__Brief__
Without any images, write the data out exactly as it appears.

__Data segment__
Segment Open

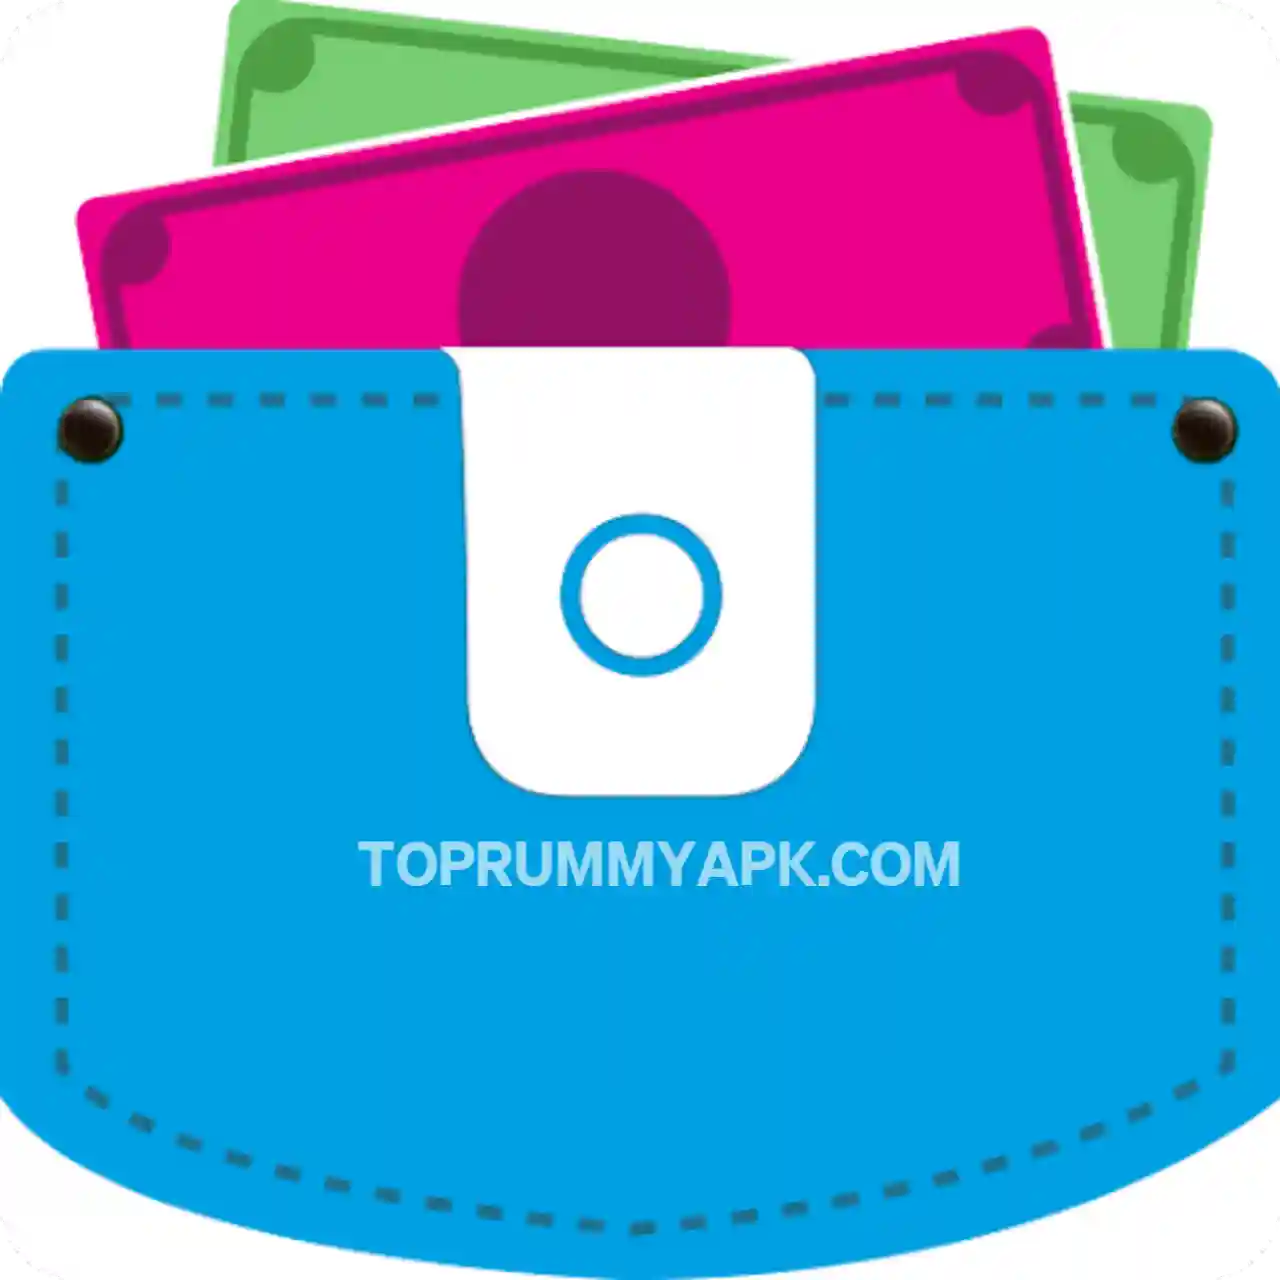 Pocket Money Apk Download - Top Rummy App
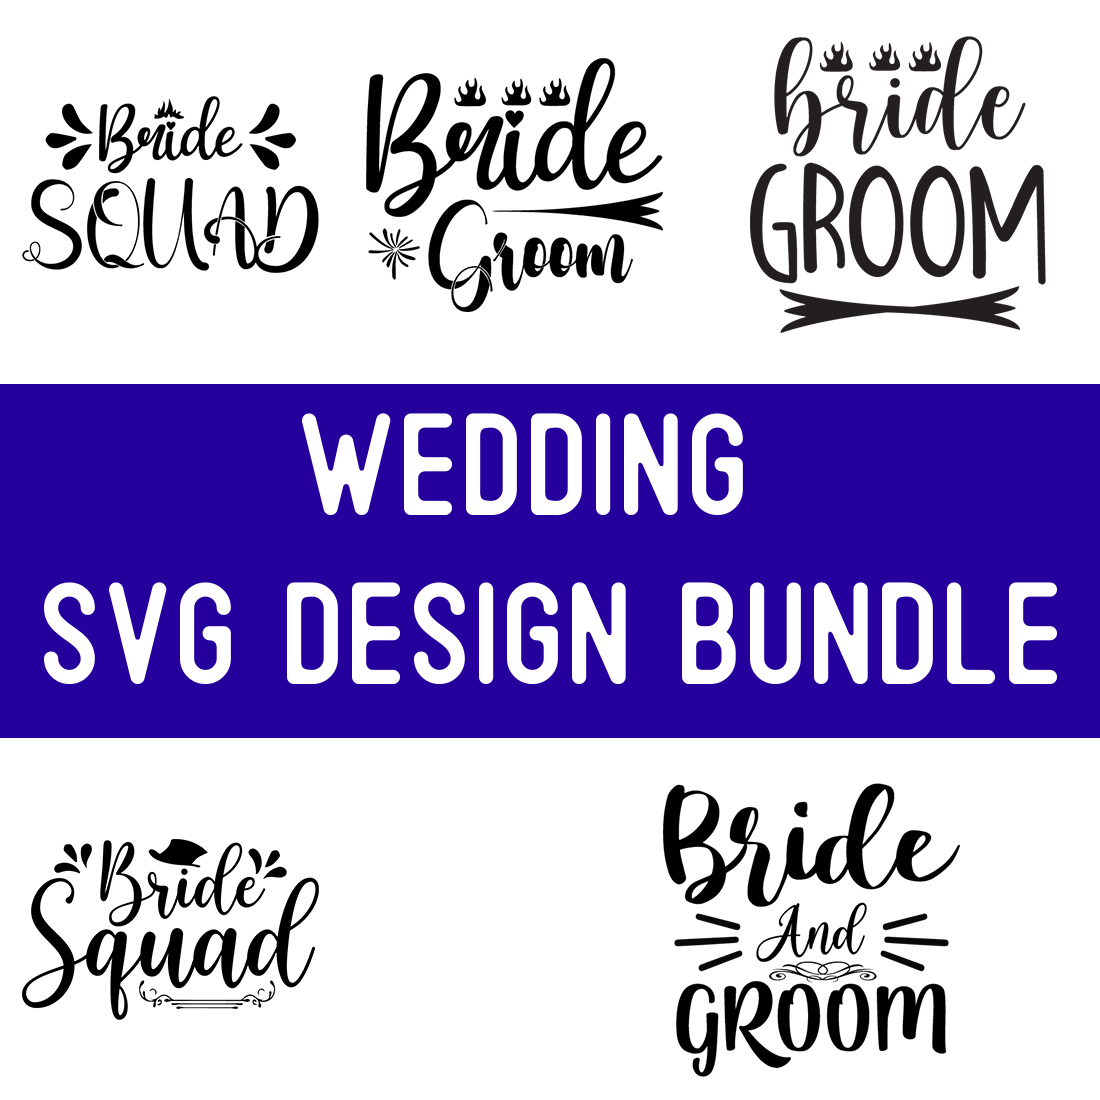 wedding SVG Design Bundle preview image.
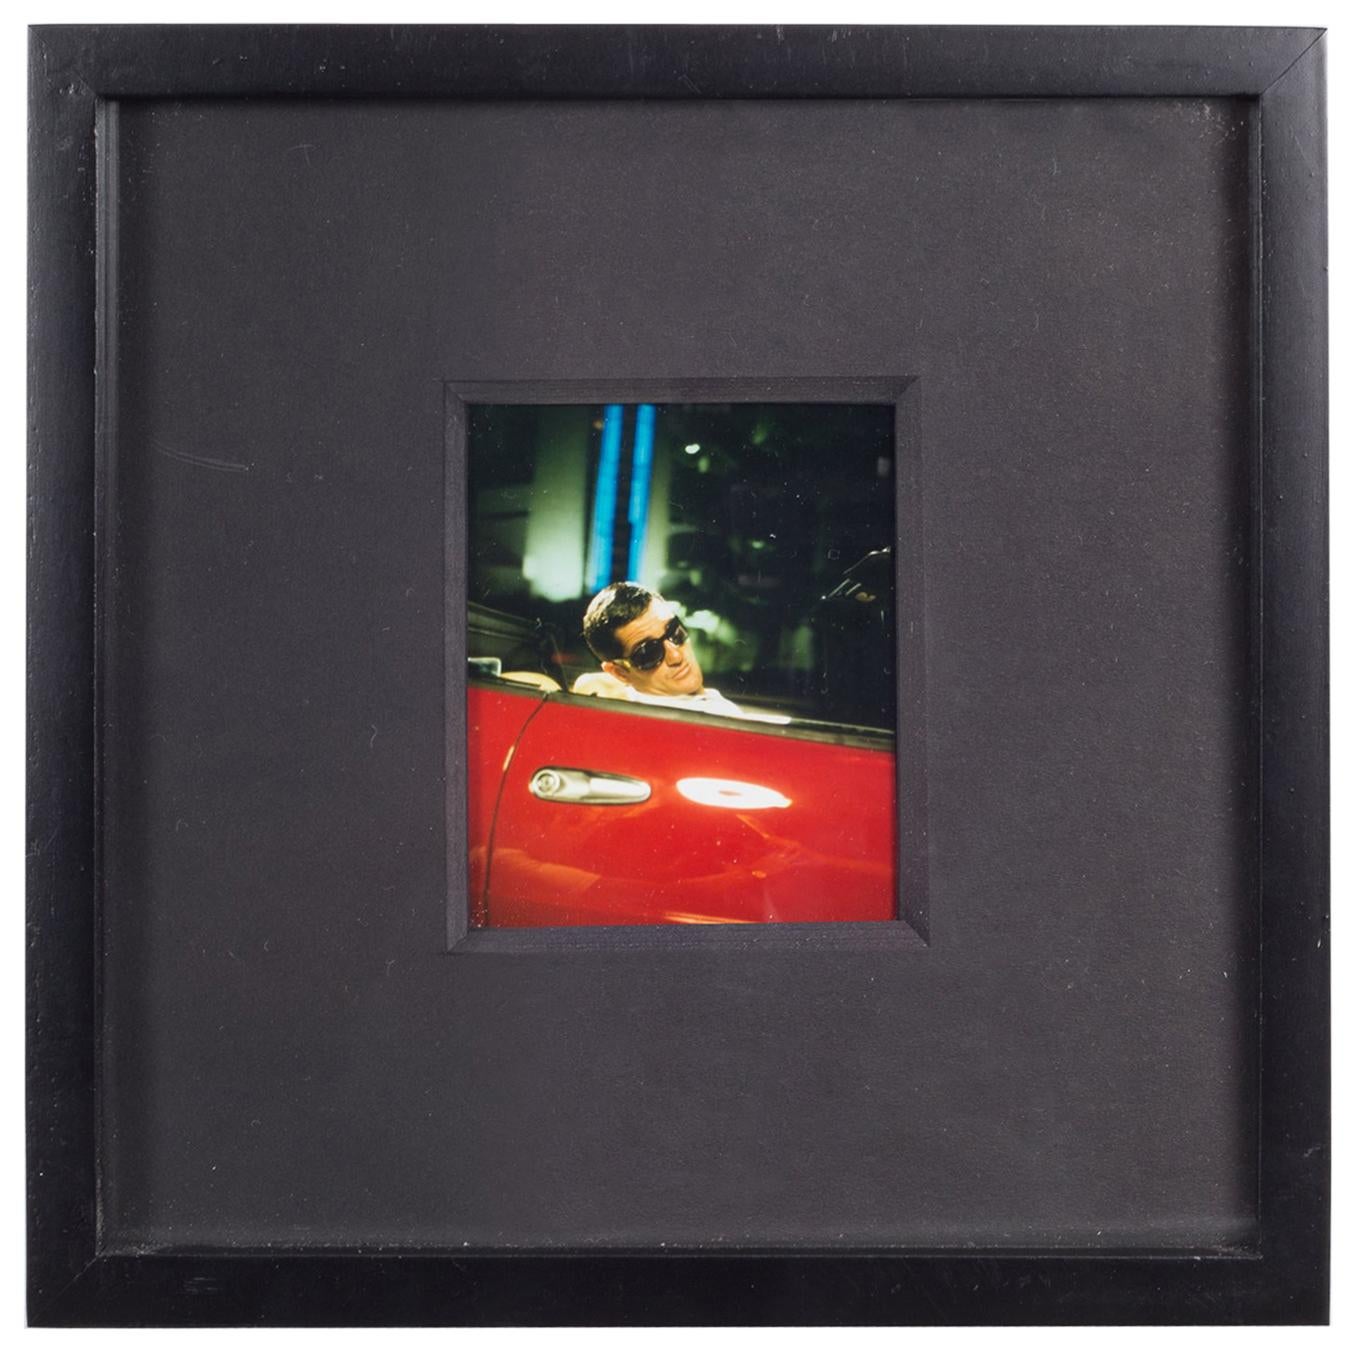 Polaroid Test Image #36 by Denise Tarantino for Dah Len Studios
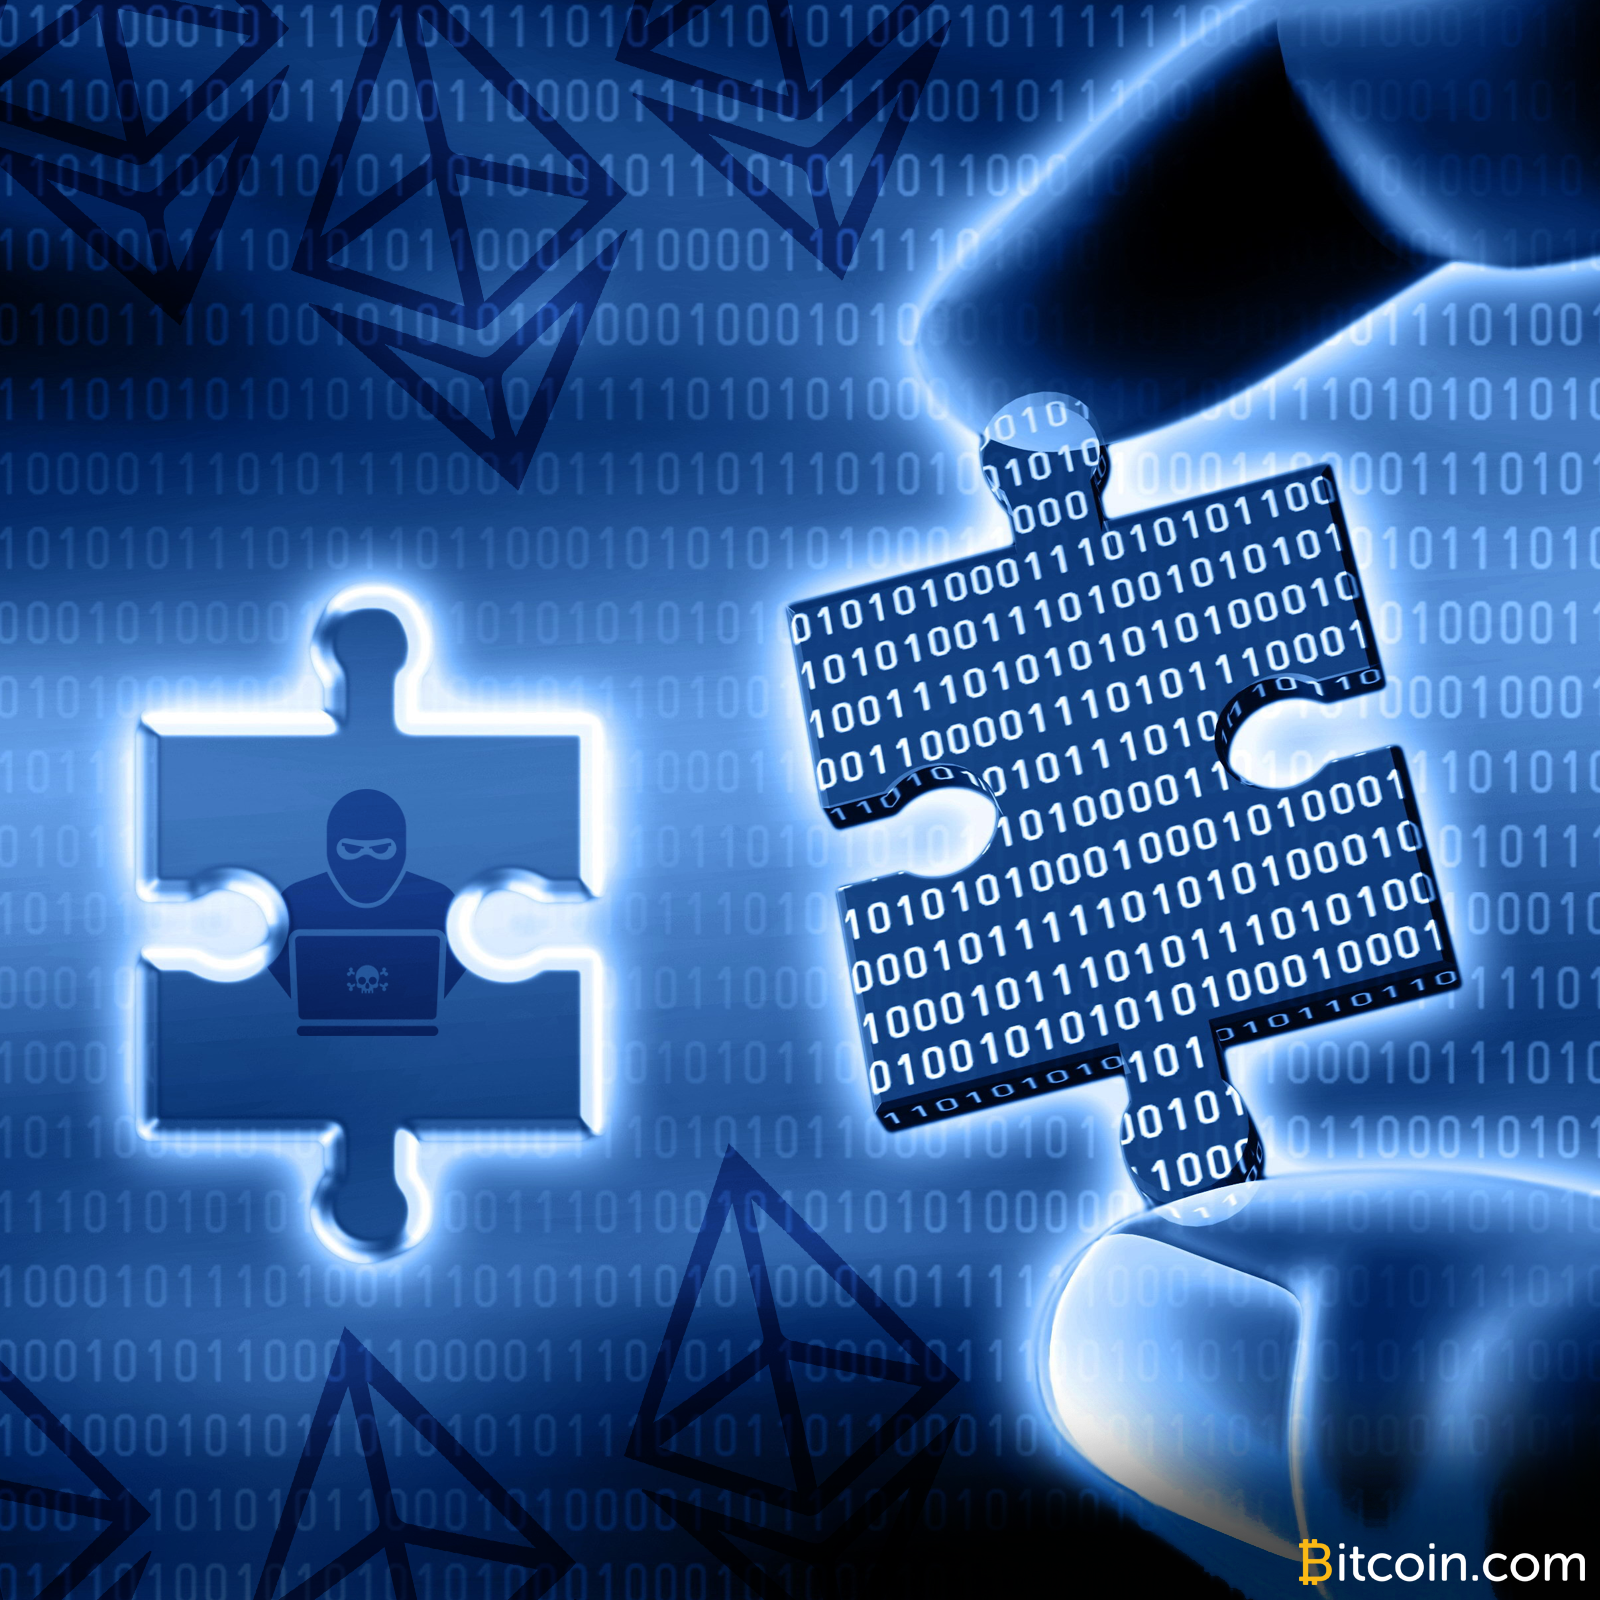 Ethereum Wallet Parity Hit by Second Critical Vulnerability – $152 Million Frozen

Segment Closed

__Answer to the problem__
 Pocket Money Apk Download - Top Rummy App
 wedding SVG Design Bundle preview image.
 Polaroid Test Image #36 by Denise Tarantino for Dah Len Studios
 Ethereum Wallet Parity Hit by Second Critical Vulnerability – $152 Million Frozen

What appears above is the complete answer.